Events in York

We will be hosting the Historical Analysis for Defence and Security Symposium at York in 2024.

Our research presentations

We did a joint presentation of a preliminary study (based on Adarsh Bura's thesis) of the naval aspects of Operation Sea Lion, Germany's planned 1940 invasion of England, at the Dupuy Institute HAAC2023.

Our work on concentration and asymmetry in defensive air power was presented in December 2022 at the Norwegian Defence University College's R&D seminar on Land Operations and Combined Arms Warfare: Lessons identified from the war in Ukraine.

A survey of our work was presented at the Historical Analysis conference of the Dupuy Institute, Washington DC, in September 2022, and at the US Naval Postgraduate School (NPS), Monterey, CA.

Our changepoint analysis of historical battle deaths, with its methodological innovations in the discovery of change points in heavy-tailed data, was presented at the Joint Statistical Meeting in Denver in 2019.

Our work on the attrition dynamics of multilateral war was presented in April 2018 at the International Studies Association convention in San Francisco and at the USNPS, and in 2017 at the International Symposium on Military Operations Research (ISMOR) (Royal Holloway University of London, July 2017).

Our work on the First World War at sea was presented by Niall MacKay in an Eight Bells lecture at the US Naval War College, Newport, RI (February 2016; here are the slides), at Interdisciplinary Perspectives on Modelling Conflict (Essex, September 2016), at the Historical Analysis for Defence and Security Symposium (HADSS) (dstl Portsdown, May 2017), at the USNPS, and by Chris Price at the British International History Group (BIHG) (Edinburgh, September 2016).

Our work on concentration and asymmetry in air combat was presented at the USNPS (January 2016), at HADSS 2014, at ISMOR2014 , at BIHG 2014 (London, September 2014), at Royal Air Force Air Command Headquarters (High Wycombe, November 2014), and in the Oxford Changing Character of War seminar (February 2015).

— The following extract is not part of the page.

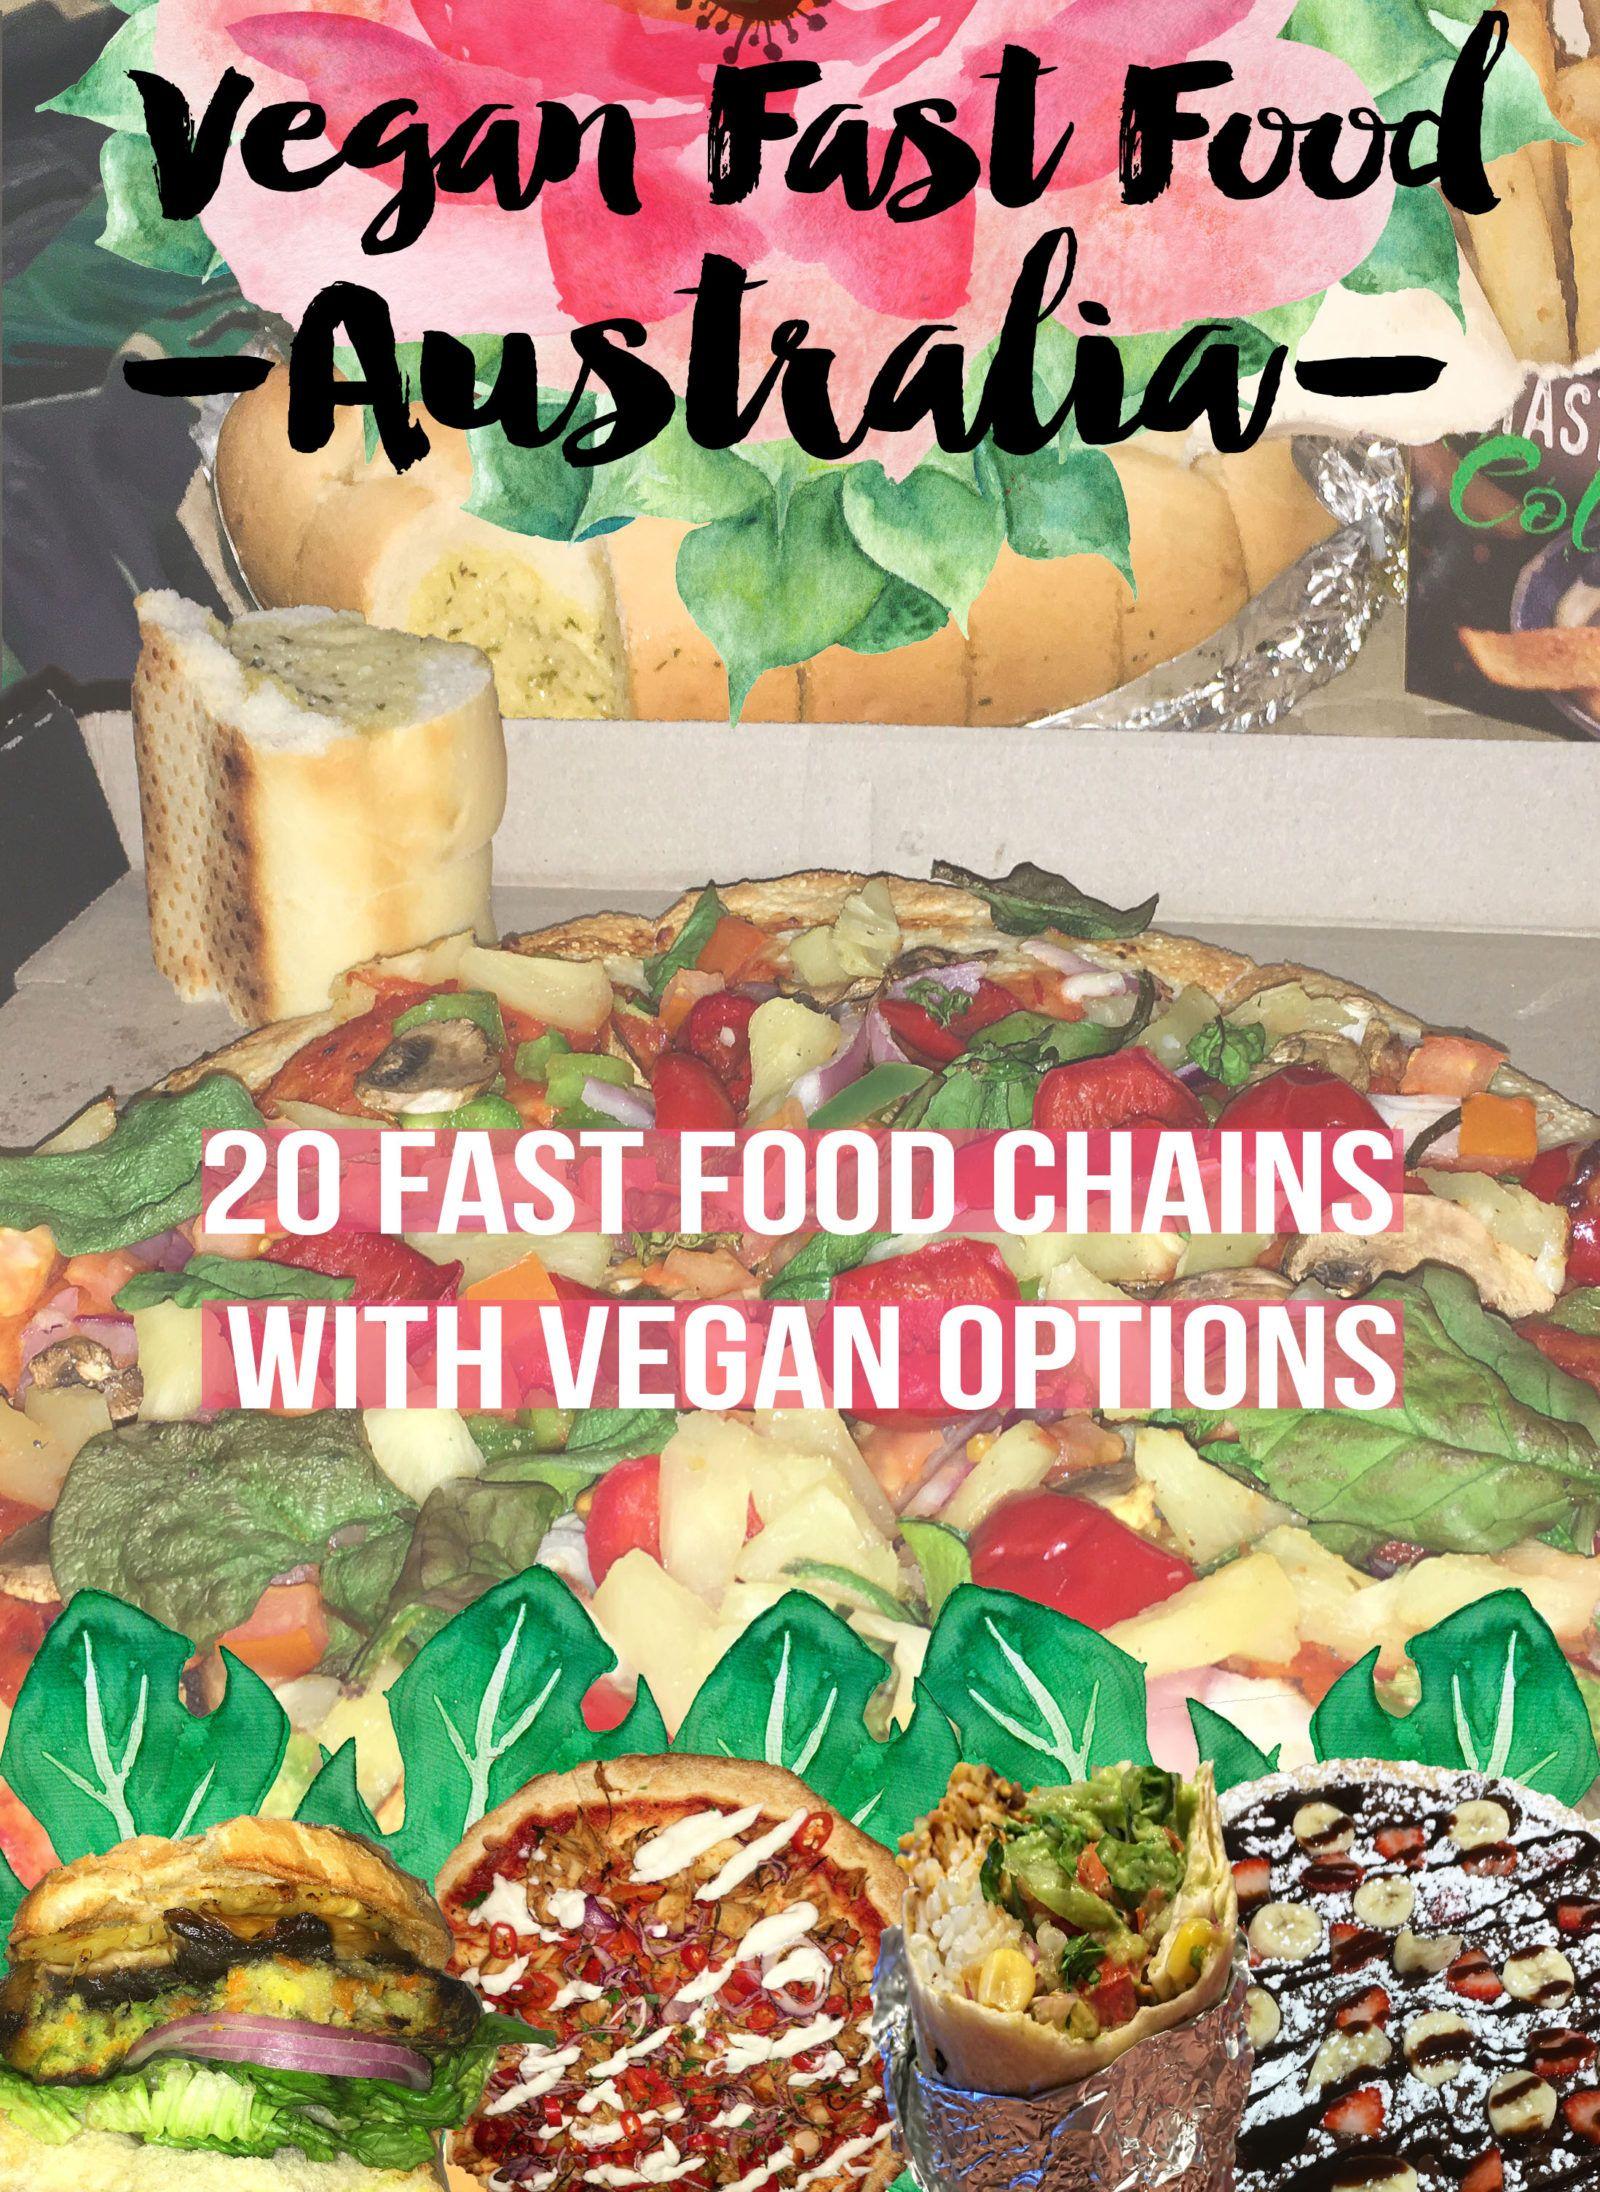 Vegan Fast Food Options in Australia Jessica Grace

Our earlier work on Lanchester models and the Battle of Britain was presented at HADSS 2011, at Conflict and Complexity (Kent, 2008), at Mathematics in Defence (Farnborough, 2009), and in a guest lecture at the NPS (Monterey, 2011).

Ian Horwood spoke at BIHG 2016 on the rise of carrier air power and inter-war wargaming at the US Naval War College, and on "'The Ethics of Bombing or the Bombing of Ethics': air power in a time of austerity" at Air Power: Now and the Future (RAeS, London, September 2016).


Outreach and Public Engagement

We have run our Battle of Jutland event, a combined lecture and wargame/simulation, twice: in 2013 for the York Festival of Ideas, and for the battle's 2016 centenary. Here's Jamie Wood talking about our work.

Our work on the Battle of Britain has been presented in talks to various school and university student audiences, to a mathematics teachers' summer school, and to the wider public for the York Historical Association and at the 2014 York Festival of Ideas. Our 2020 article on Bootstrapping the Battle of Britain was featured in the Daily Mail, Ars Technica (USA/UK), Popular Mechanics (USA), New Atlas (Australia), Big Think (USA), Fox News (USA), Business Telegraph (UK), Legion (Canada) and Weekendavisen (Denmark), among others, and "sent the history world into meltdown" (Dan Snow). Listen to us discussing it, the Battle of Jutland, and counterfactual history more generally on Dan Snow's History Hit.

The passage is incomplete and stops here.